The fiction in this novel didn’t seem like fiction, leaving me with a sense that the possibility of a perfect life is remote. If this guy can have his world pulled out from under him, then what hope is there for the rest of us?

Most of American Pastoral is the inner dialogue of the Swede, though there is a definite plot which drives this character along to his ultimate demise. The novel touches on the intricacies of the Levov’s relationship with his daughter, his wife, his brother, his community, and himself.
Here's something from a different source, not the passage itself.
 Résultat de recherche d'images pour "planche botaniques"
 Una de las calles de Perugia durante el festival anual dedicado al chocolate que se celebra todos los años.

If you like to listen, the audio version narrated by Ron Silver is absolutely exceptional. Silver won an Audie Award for Best Solo by a Male for his work in the 1998 release.

American Pastoral is on my favorite novels list. I liked that despite the seeming flawlessness of the characters’ younger lives, the author shows us how the white on their proverbial picket fence is simply an outer shell of paint. Beneath the veneer of whom they seem to be are real problems, motives, challenges, and depth. Perhaps I side with Merry insofar as I felt gratified by all the knots and dings these people carried under the surface.

I enjoyed the complexity of this novel. Even if you remove the trigger to the Swede’s downfall and omit the part of the story which is Merry’s terrorist acts, there still remains a realistic characterization of how we deal with the other people in our lives. What is it to be a parent? A husband? (And for some of us, a Jew?) How far can we expect our individual influence to reach as members of a family or community? Can we prevent chaos from seeping into our lives, or is entropy unavoidable?

If you have a penchant for unanswerable questions and family dysfunction with a touch of nihilism, then this book might interest you as well. Those triggered by intense family trauma should probably avoid it. Nevertheless I thought it was an excellent book that set a new bar on what I like to see in well developed characters struggling through an impossible situation.